TOSIT-IO / tdp-collection-extras

Ansible roles to deploy the extra components of TDP
Apache License 2.0
5 stars 13 forks source link

postgres: Connection to master-03:5432 refused #70

Closed jusstol closed 2 years ago

jusstol commented 2 years ago

Hi, I tried to use the most recent revision of this repo to make a fresh new install and now my PostgreSQL clients (like Hive or Ranger) cannot connect to PostgreSQL server. Here is what happens when installing Hive :

TASK [tosit.tdp.common : Hive Metastore initSchema] ************************************************************************************************************************************
fatal: [master-03]: FAILED! => changed=true 
  cmd: |-
    /opt/tdp/hive/bin/hive  --config /etc/hive/conf.ms  --service schemaTool  -dbType postgres  -initSchema
  delta: '0:00:03.546868'
  end: '2022-09-08 12:09:09.077704'
  msg: non-zero return code
  rc: 1
  start: '2022-09-08 12:09:05.530836'
  stderr: |-
    SLF4J: Class path contains multiple SLF4J bindings.
    SLF4J: Found binding in [jar:file:/opt/tdp/apache-hive-3.1.3-TDP-0.1.0-SNAPSHOT-bin/lib/log4j-slf4j-impl-2.10.0.jar!/org/slf4j/impl/StaticLoggerBinder.class]
    SLF4J: Found binding in [jar:file:/opt/tdp/hadoop-3.1.1-TDP-0.1.0-SNAPSHOT/share/hadoop/common/lib/slf4j-log4j12-1.7.25.jar!/org/slf4j/impl/StaticLoggerBinder.class]
    SLF4J: See http://www.slf4j.org/codes.html#multiple_bindings for an explanation.
    SLF4J: Actual binding is of type [org.apache.logging.slf4j.Log4jLoggerFactory]
    org.apache.hadoop.hive.metastore.HiveMetaException: Failed to get schema version.
    Underlying cause: org.postgresql.util.PSQLException : Connection to master-03.applispfref.sipfref.local:5432 refused.
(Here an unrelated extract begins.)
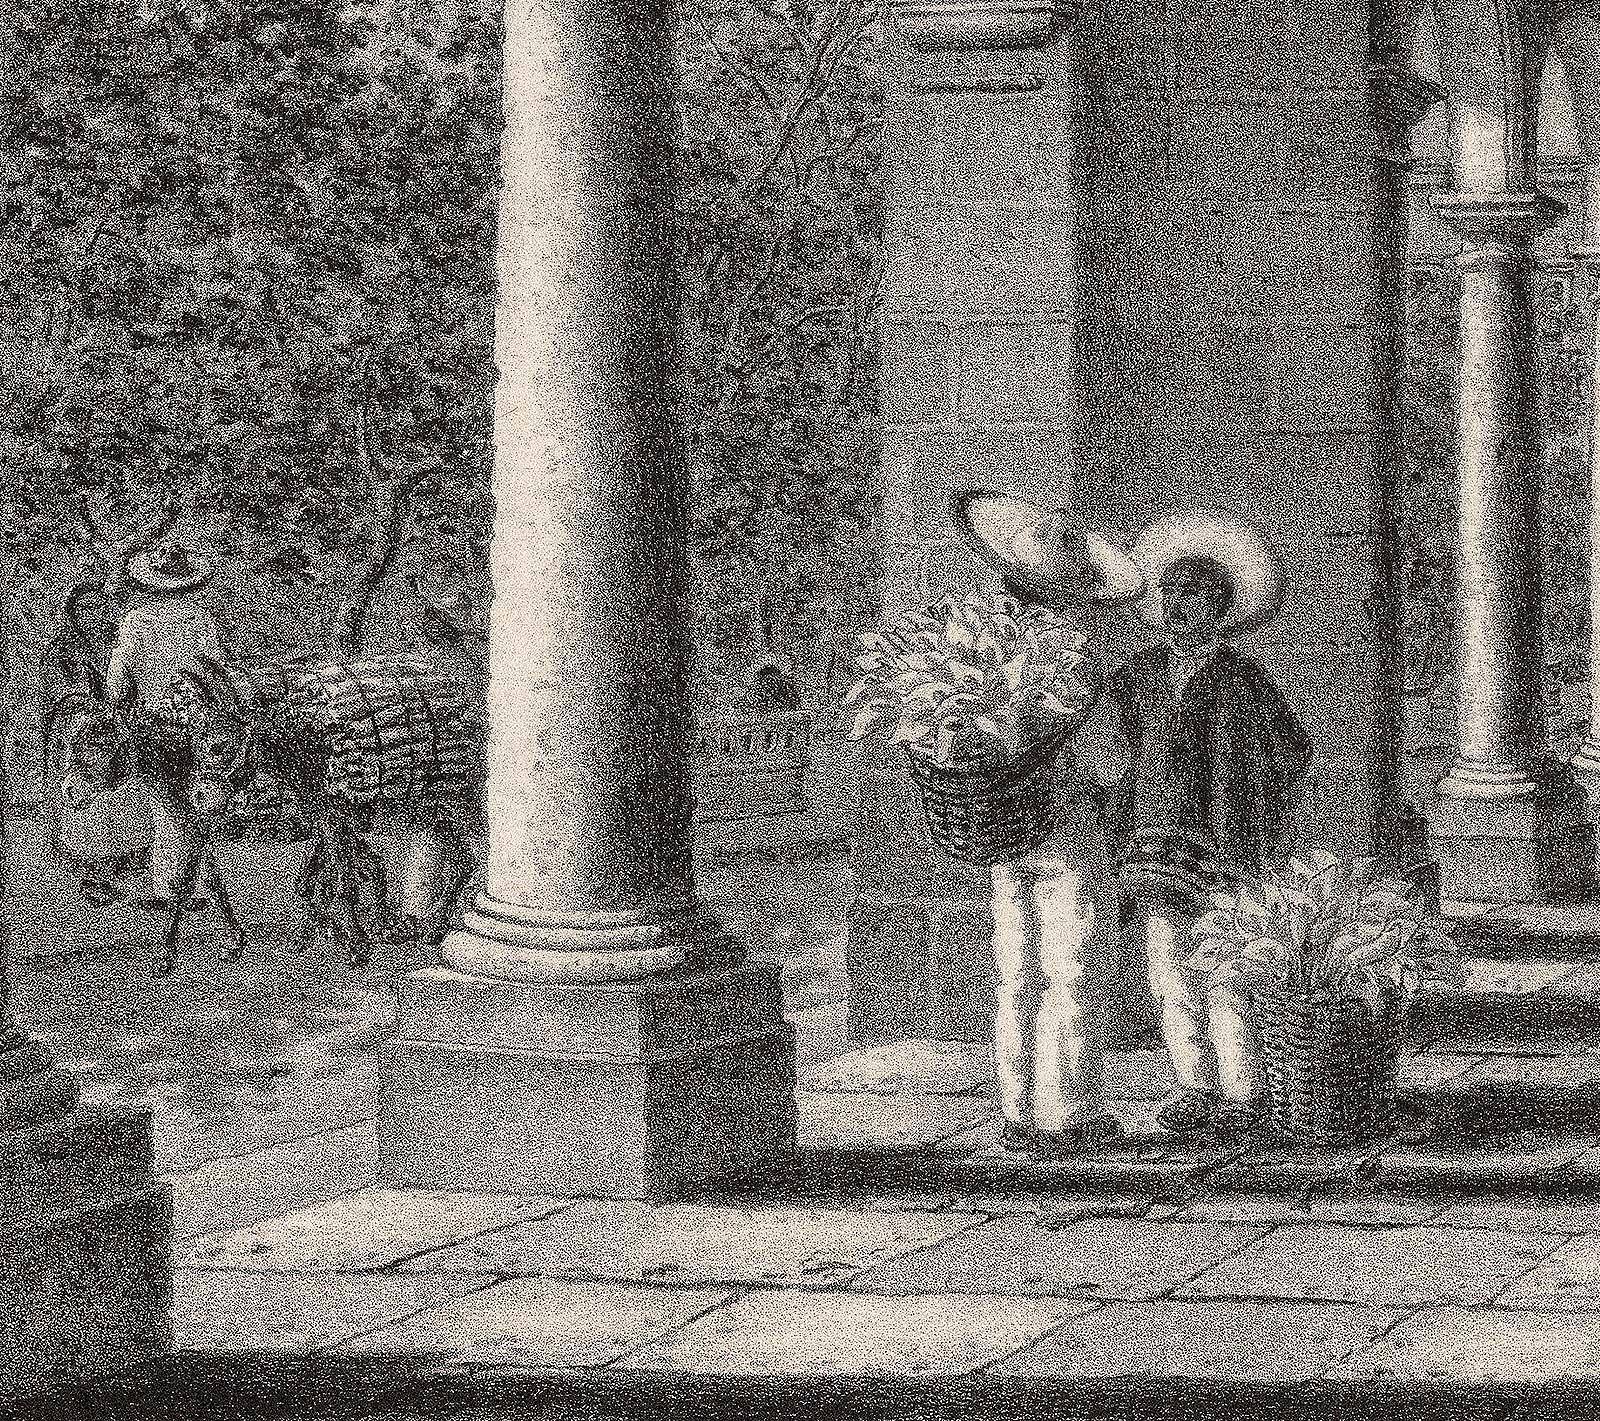 Flower Sellers (Market day in Mexico underneath the colonnade) - Print by Alan Horton Crane

Check that the hostname and port are correct and that the postmaster is accepting TCP/IP connections.
    SQL Error code: 0
    Use --verbose for detailed stacktrace.
    *** schemaTool failed ***
  stderr_lines: <omitted>
  stdout: |-
    Metastore connection URL:        jdbc:postgresql://master-03.applispfref.sipfref.local:5432/hive
    Metastore Connection Driver :    org.postgresql.Driver
    Metastore connection User:       hive
  stdout_lines: <omitted>

The role is played on master-03 and tries to reach postgres on the same node which leads to a "Connection refused". If I manually test this (sorry it's in french) I have the same error :

[root@PF9SOBDP047 data]# psql -h master-03.applispfref.sipfref.local -U rangeradmin -d ranger
psql: n'a pas pu se connecter au serveur : Connexion refusée
        Le serveur est-il actif sur l'hôte « master-03.applispfref.sipfref.local » (10.132.149.104)
        et accepte-t-il les connexionsTCP/IP sur le port 5432 ?

But when I try with localhost it works fine :

[root@PF9SOBDP047 data]# psql -h localhost -U rangeradmin -d ranger
Mot de passe pour l'utilisateur rangeradmin : 
psql (9.2.24)
Saisissez « help » pour l'aide.

ranger=> 

pinging works as intended :

[root@PF9SOBDP047 data]# ping master-03.applispfref.sipfref.local
PING master-03.applispfref.sipfref.local (10.132.149.104) 56(84) bytes of data.
64 bytes from master-03.applispfref.sipfref.local (10.132.149.104): icmp_seq=1 ttl=64 time=0.017 ms
64 bytes from master-03.applispfref.sipfref.local (10.132.149.104): icmp_seq=2 ttl=64 time=0.038 ms
64 bytes from master-03.applispfref.sipfref.local (10.132.149.104): icmp_seq=3 ttl=64 time=0.027 ms
^C
--- master-03.applispfref.sipfref.local ping statistics ---
3 packets transmitted, 3 received, 0% packet loss, time 2000ms
rtt min/avg/max/mdev = 0.017/0.027/0.038/0.009 ms

Here is my pg_hba.conf file (replaced IPs with xx) :

#
# Ansible managed
#
# PostgreSQL Client Authentication Configuration File
# ===================================================
#
# See: https://www.postgresql.org/docs/current/static/auth-pg-hba-conf.html

local all postgres    peer 
local all all    peer 
host all all 127.0.0.1/32   md5 
host all all ::1/128   md5 
# BEGIN ANSIBLE MANAGED BLOCK master-02
host all all xx.xx.xx.xx/32 trust
host all all master-02.applispfref.sipfref.local trust
# END ANSIBLE MANAGED BLOCK master-02
# BEGIN ANSIBLE MANAGED BLOCK master-03
host all all xx.xx.xx.xx/32 trust
host all all master-03.applispfref.sipfref.local trust
# END ANSIBLE MANAGED BLOCK master-03

Why can I not interact with PostgreSQL using master-03.applispfref.sipfref.local but only with localhost (when on the same node) ?

jusstol commented 2 years ago

Well I've been struggling with this for the past 2 hours and had to submit this issue to find the fix on my own! There is this new boolean that fixed the issue when set to true : config_tdp_getting_started=true.